The AKP deserves credit for the economic growth that has occurred under its stewardship and for supporting Turkey's accession into the European Union. There is no doubt that the AKP has revolutionized Turkish politics. In the 2002 election, it trounced the more established parties by out-campaigning them. The AKP has earned its reputation for serving its constituents.
Popularity and democracy are not synonymous, though. Turkish constitutionalism separates religion from party politics in order to preserve democracy. Prime Minister Erdoğan has abused this separation. He has eroded the distinction between religious and public education, sought to retire forcibly several thousand secular judges who questioned his party's interpretations of the constitution, and then moved to replace those judges with AKP apparatchiks. He also has instituted an interview process — controlled by party loyalists — designed to evaluate government technocrats on the basis of religiosity rather than merit. Turkish Air employees have even been quizzed on their belief in the Koran.
No party or prime minister in Turkey's history has been so hostile to the press. Erdoğan has sued dozens of journalists and editors. In a strategy borrowed from Iran, he has confiscated newspapers — such as Sabah, the national daily — which he deemed too critical or independent, and transferred their control to political allies. Journalists such as Vatan's Can Ataklı and Reha Muhtar, television commentator Nihat Genç, Sky Turk's Serdar Akinan, and Kanal Türk's Tuncay Özkan are now under fire either for their own criticism or, in the case of the television announcers, for their guests' criticism of the ruling party.
Erdoğan has treated courts, both international and domestic, with disdain. After the European Court of Human Rights decided against permitting headscarves in Turkish universities, he declared that "only ulama [Islamic religious scholars] could" issue such a judgment. In several instances, Erdoğan has refused to uphold the Supreme Court's decisions when it ruled against the AKP's confiscation of political opponents' property. In a moment reminiscent of Henry II, a follower gunned down a justice after the prime minister launched a fusillade against the Court.
Both AKP supporters and Western officials unfamiliar with the AKP's record paint the Court's actions as undemocratic. AKP supporters argue that the party represents democracy, and they seek to equate any opposition — be it secular, nationalist, or judicial — as fascist. This is unfair. Ultra-nationalists who do not abide by the law find themselves in court, just as the AKP now does. The military has stayed on the sideline, as it should. Declaring its support for the constitution in a written statement is not a coup.
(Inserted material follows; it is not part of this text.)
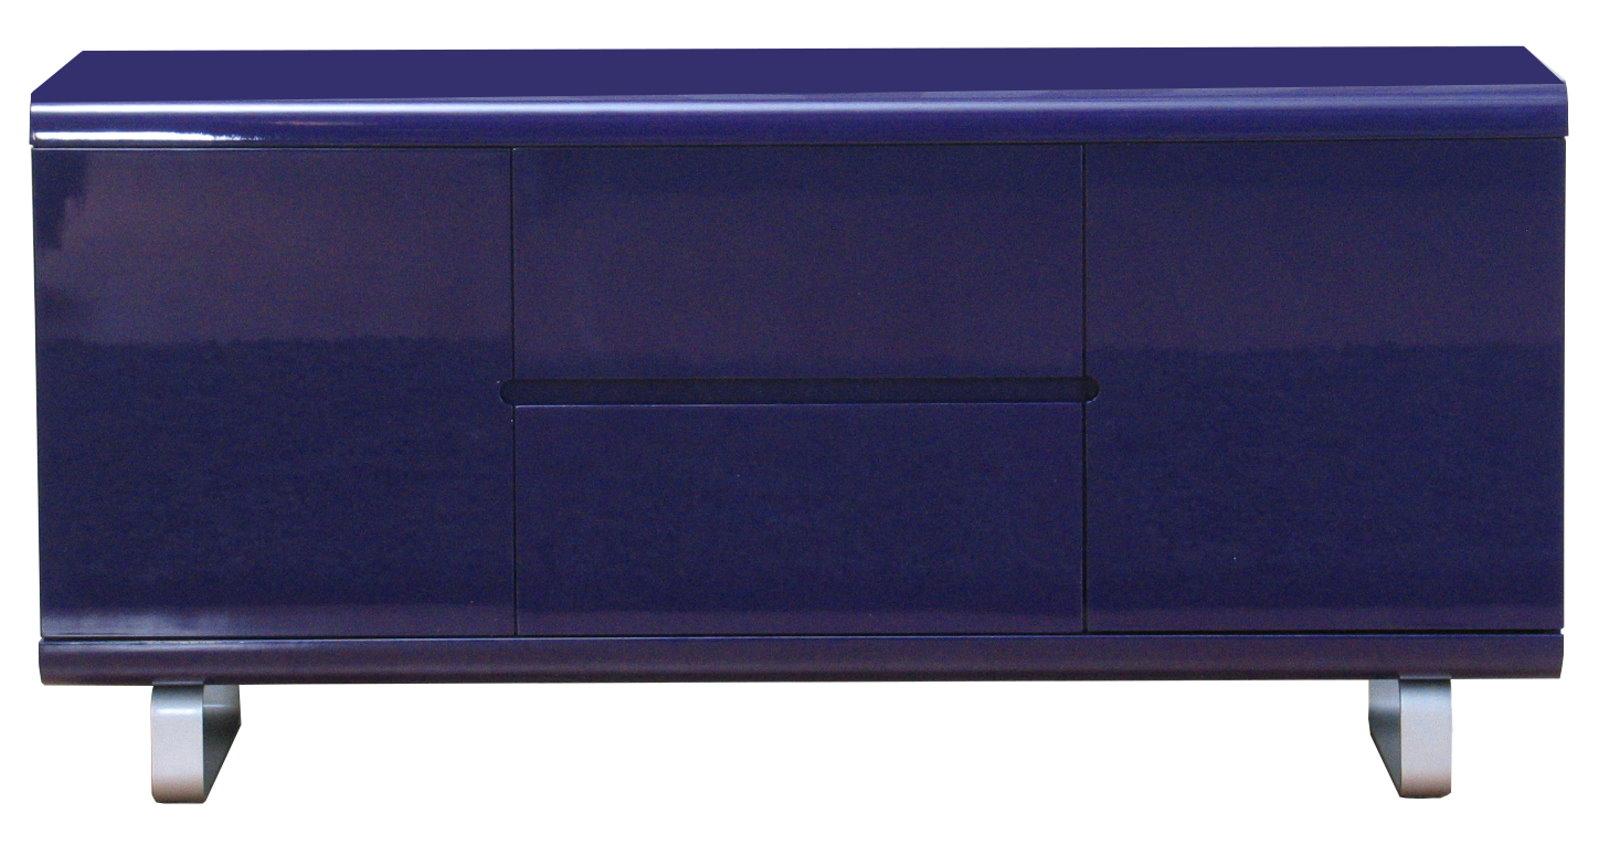 Sideboard spacy kommode anrichte highboard buffet schrank for Sideboard lila hochglanz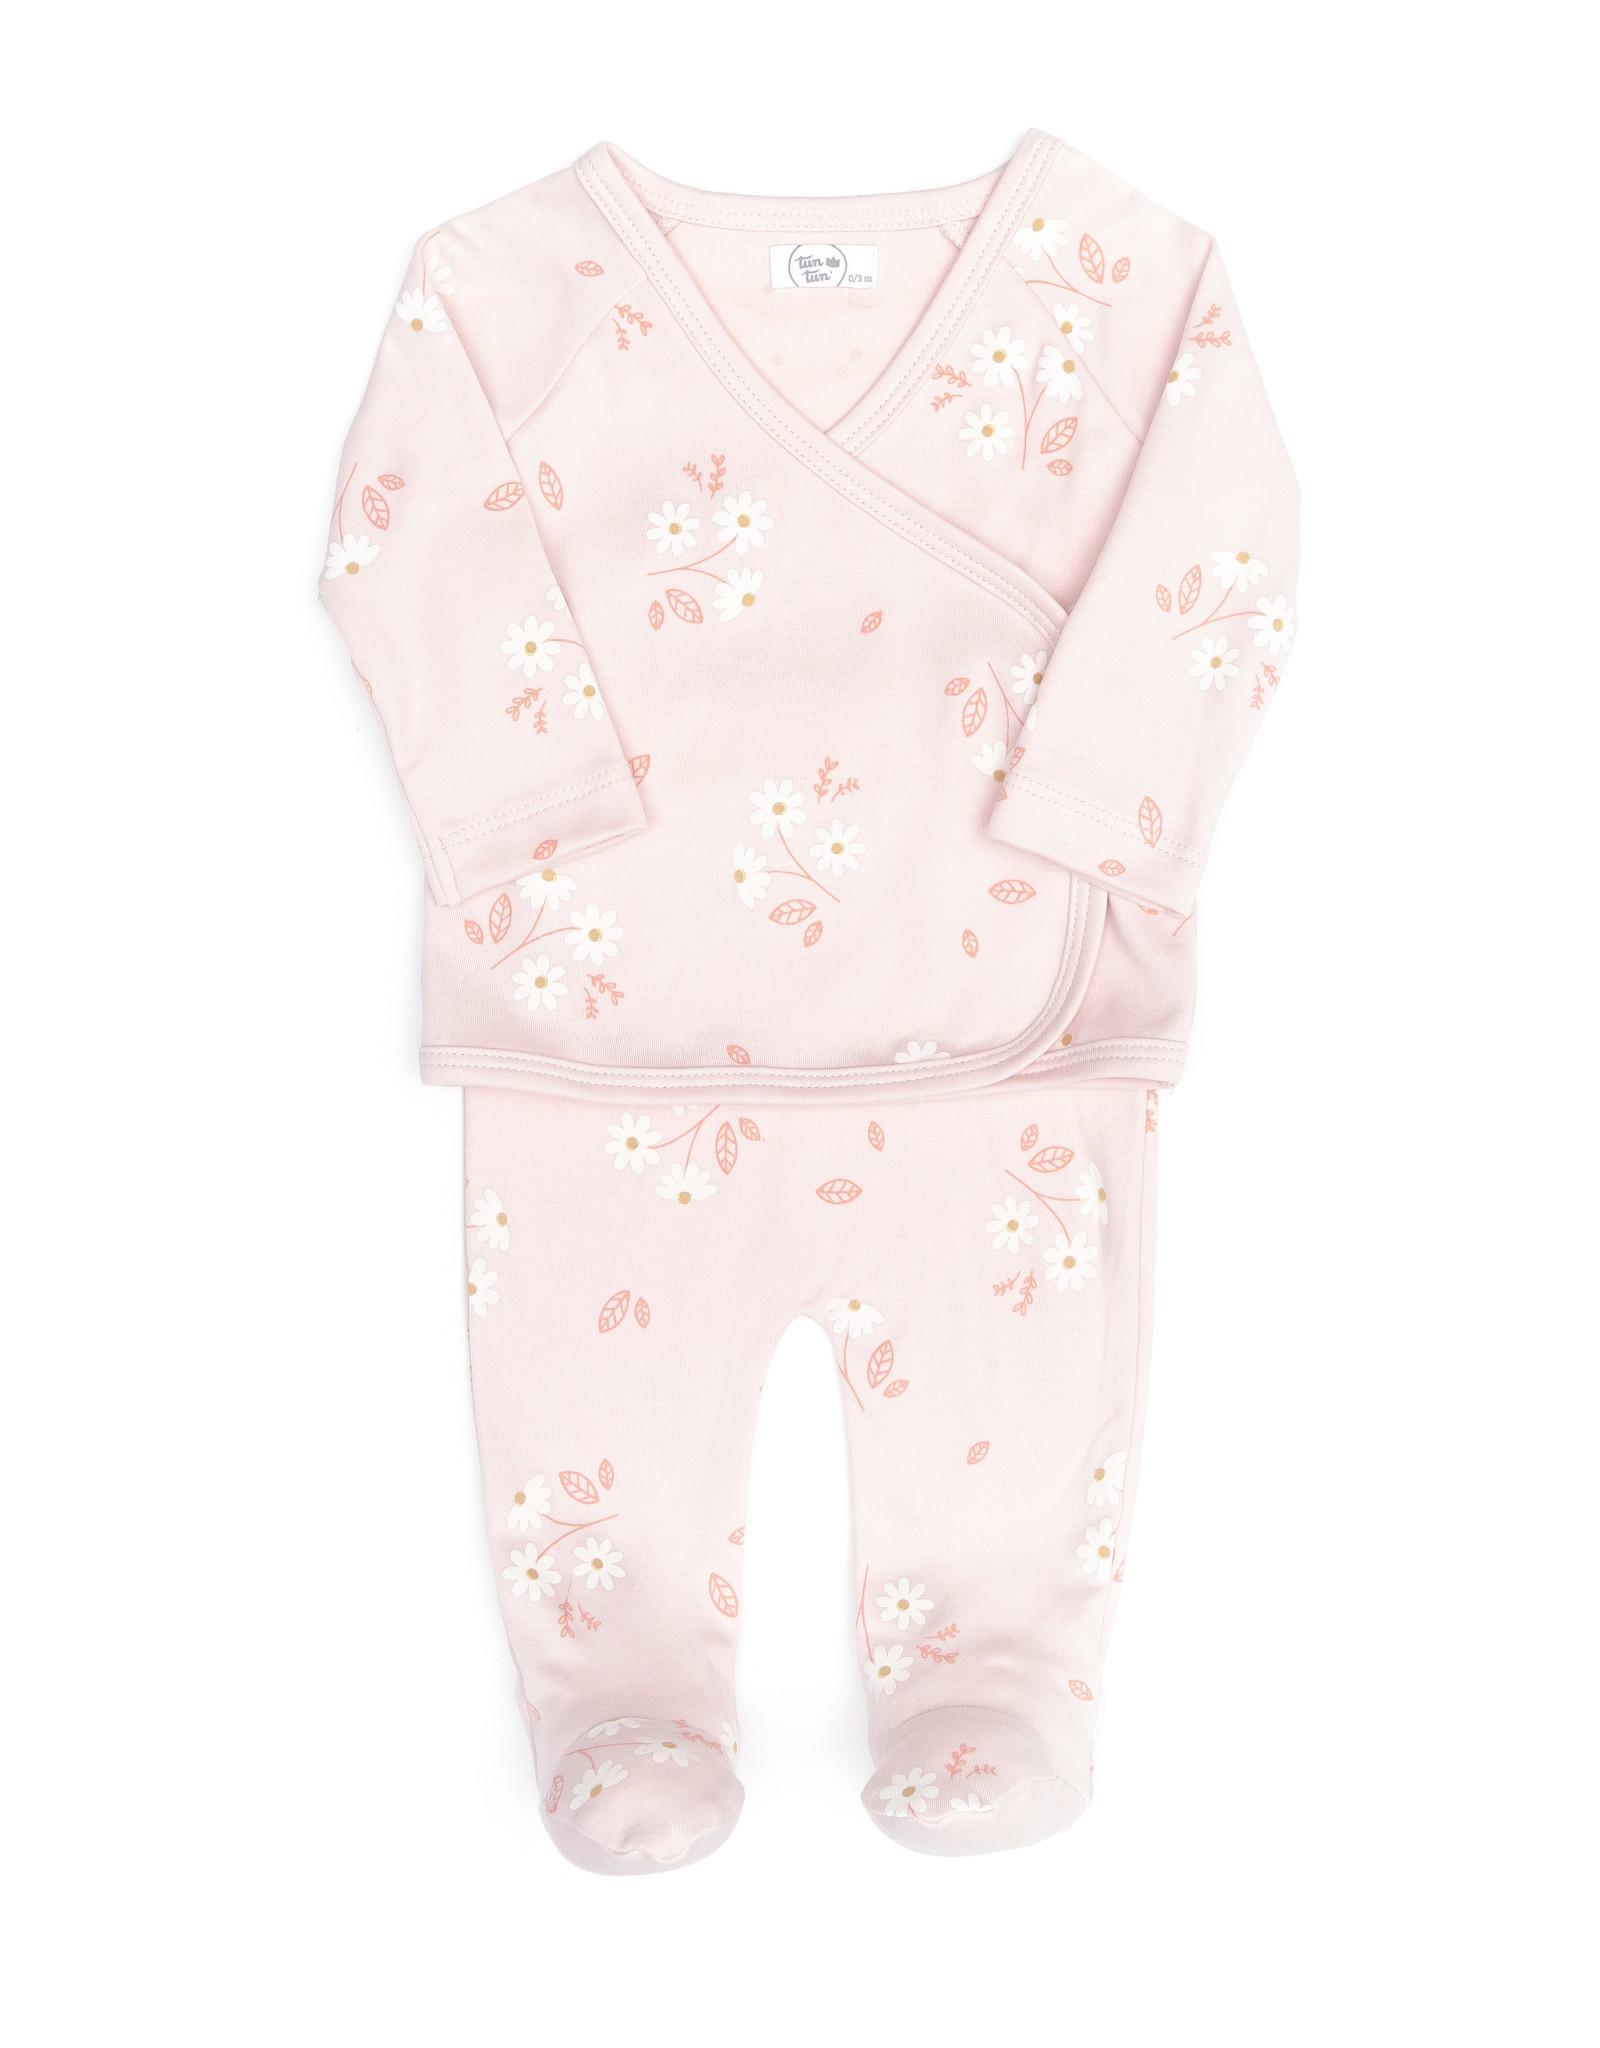 Tun Tun Tun Tun Kimono Set, Pink Daisies

Turkey is not alone in holding politicians legally accountable. In April 2000, the European Parliament suspended French demagogue Jean-Marie Le Pen; soon afterward, Austrian politician Jörg Haider also faced sanction. The global community does not allow Hamas's popularity among the Palestinians to absolve it of responsibilities under international law.
True democracy requires respect for the judicial process. Let Erdoğan have his day in court. We should respect the results as a sign that Turkey's democracy has matured.
Michael Rubin, a resident scholar at the American Enterprise Institute, is editor of the Middle East Quarterly.